Adebayo Omolumo

Posted on Sep 25, 2023

TF?!: Power of Terraform - A Simple Guide

#terraform #devops #aws #codenewbie

In this guide, we'll delve into Terraform's capabilities, explore its revamped licensing, and provide you with a step-by-step walkthrough for effective infrastructure automation.

Terraform is a custodian of infrastructure code, meticulously curated by diligent developers. Its purpose? To automate and manage the provisioning and configuration of infrastructure resources, spanning virtual machines, networks, and storage, across various cloud and on-premises environments. This ingenious tool, conceived by HashiCorp, comprises hundreds of modules written in the HashiCorp Configuration Language (HCL), collectively supported by a vibrant community of developers dedicated to deploying cloud and on-premises infrastructure and services.

With Terraform, you can say goodbye to the tedium of clicking buttons or typing repetitive command lines for deploying JS or static frontend files. Terraform simplifies infrastructure management by automating the provisioning and configuration of resources across various cloud and on-premises environments.

Big Changes

Starting from version 1.6, HashiCorp transitioned to a BSL license from MPL v2, marking significant changes in its journey.

On August 10, 2023, HashiCorp announced a significant shift in licensing for its products, including Terraform. After nearly a decade of being open source under the MPL v2 license, Terraform transitioned to a non-open source BSL v1.1 license, starting with version 1.6.

While this change primarily impacts the business landscape, it has triggered notable developments:

On August 25th, 2023, the OpenTF initiative officially unveiled an open-source fork of Terraform.
On September 5th, 2023, the OpenTF repository went public, quickly amassing over 32,000 GitHub Stars.
On September 20th, 2023, OpenTF became a part of the Linux Foundation and underwent a rebranding, emerging as OpenTofu.
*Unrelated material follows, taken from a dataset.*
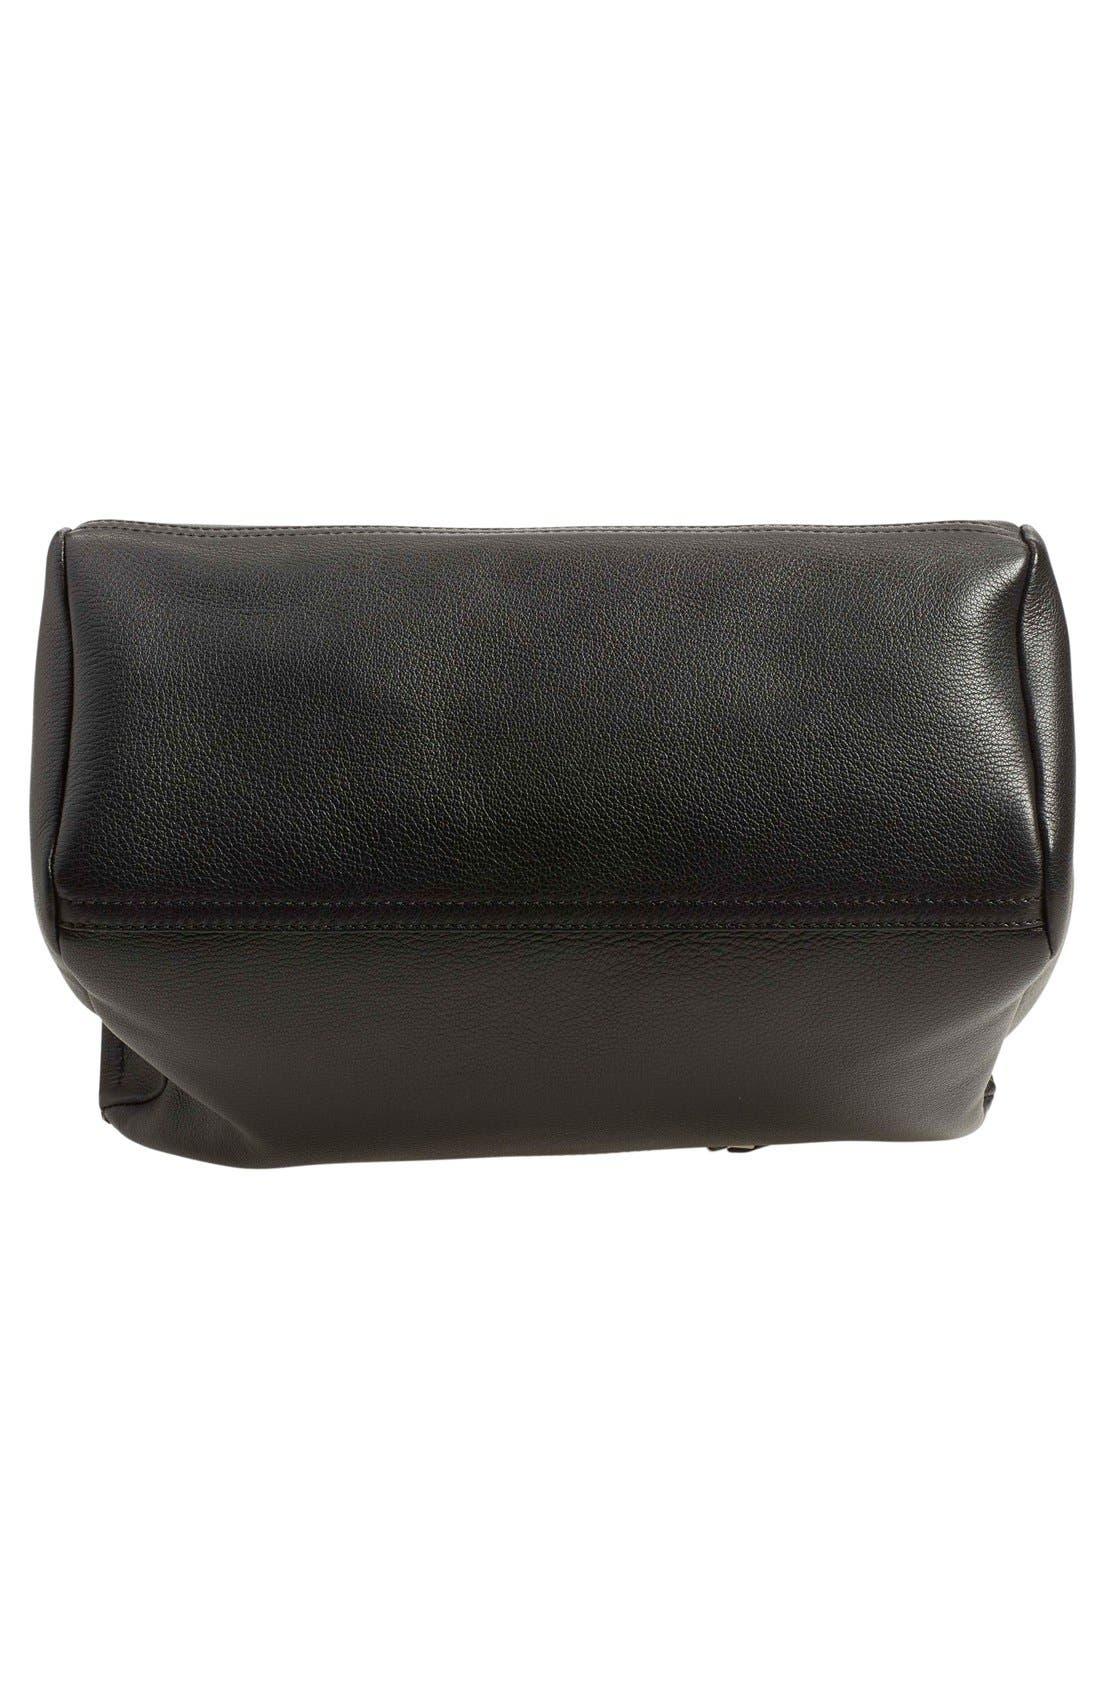 'Medium Pandora' Sugar Leather Satchel,                             Alternate thumbnail 6, color,                             Black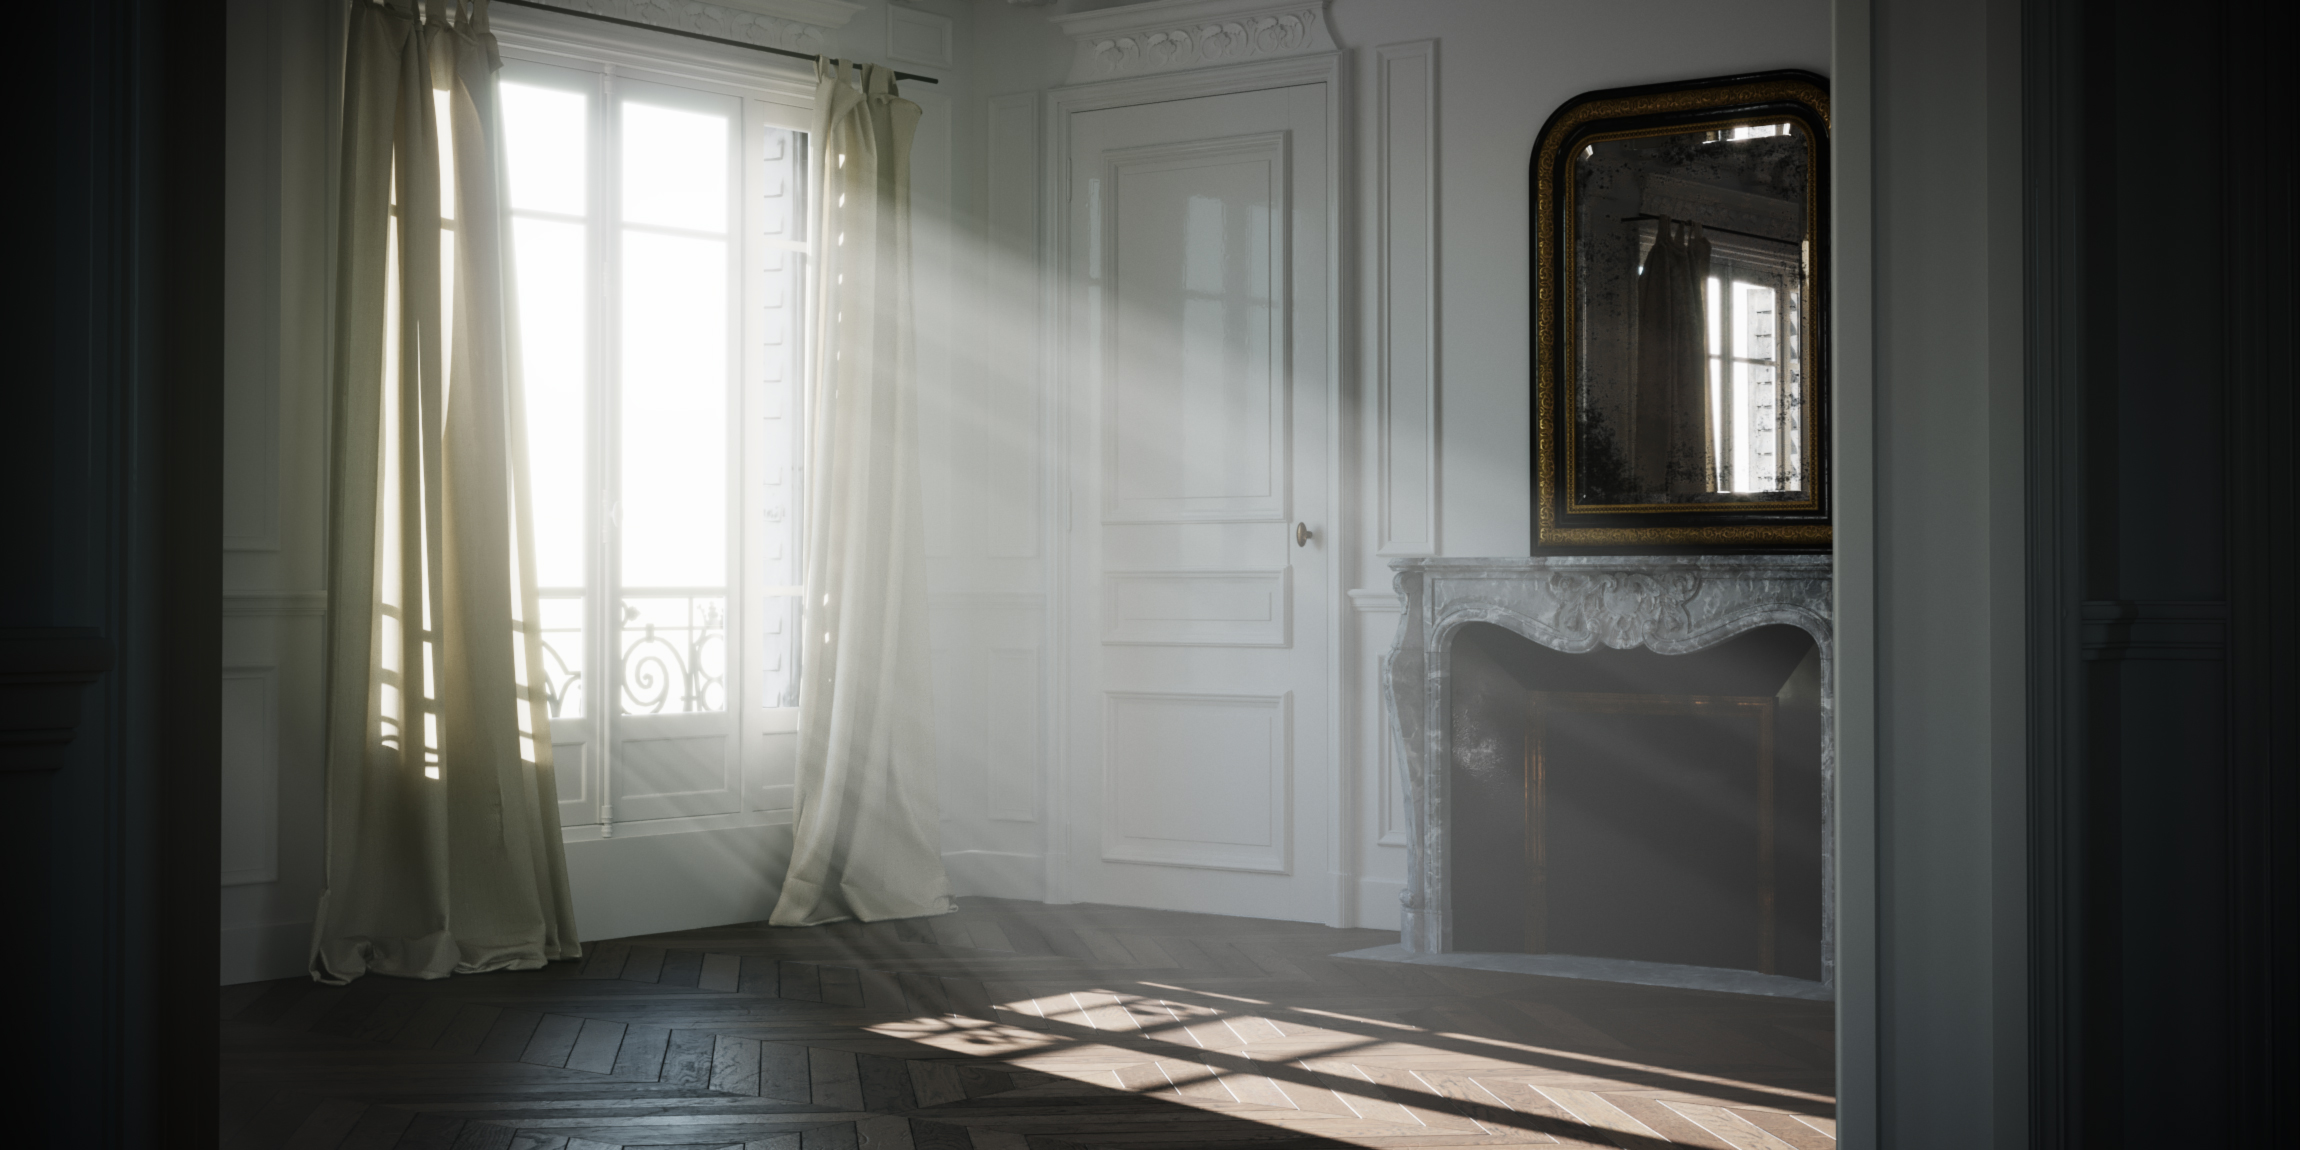 Parisian_Interior_01.jpg

Unveiling the Inner Workings

Behind the scenes, Terraform employs a dependency resolution algorithm that automagically figures out the order in which resources need to be created or updated. The process unfolds as follows:

1. Configuration Parsing

Terraform meticulously formats and parses your configuration files for syntax correctness, employing tf fmt and tf validate commands.

2. Resource Discovery

Terraform communicates with the configured providers (AWS, Azure, Google Cloud, etc.) to uncover the present state of the infrastructure resources aligned with your configuration.

3. Dependency Graph Construction

Terraform then constructs a dependency graph based on the relationships defined in your configuration. Each resource becomes a node in this graph, and any resource with dependencies is connected via direct references or pointers.

4. Topological Sorting

Topological sort is a graph traversal algorithm in which each node is visited only after all its dependencies are visited. In other words, resource dependencies are created before the actual resource.

5. Error Handling

Terraform's dependency resolution algorithm includes error handling. If a resource encounters issues during creation or updating, Terraform attempts to clean up successfully created resources with dependencies on the problematic resource before proceeding to create resources with no dependencies.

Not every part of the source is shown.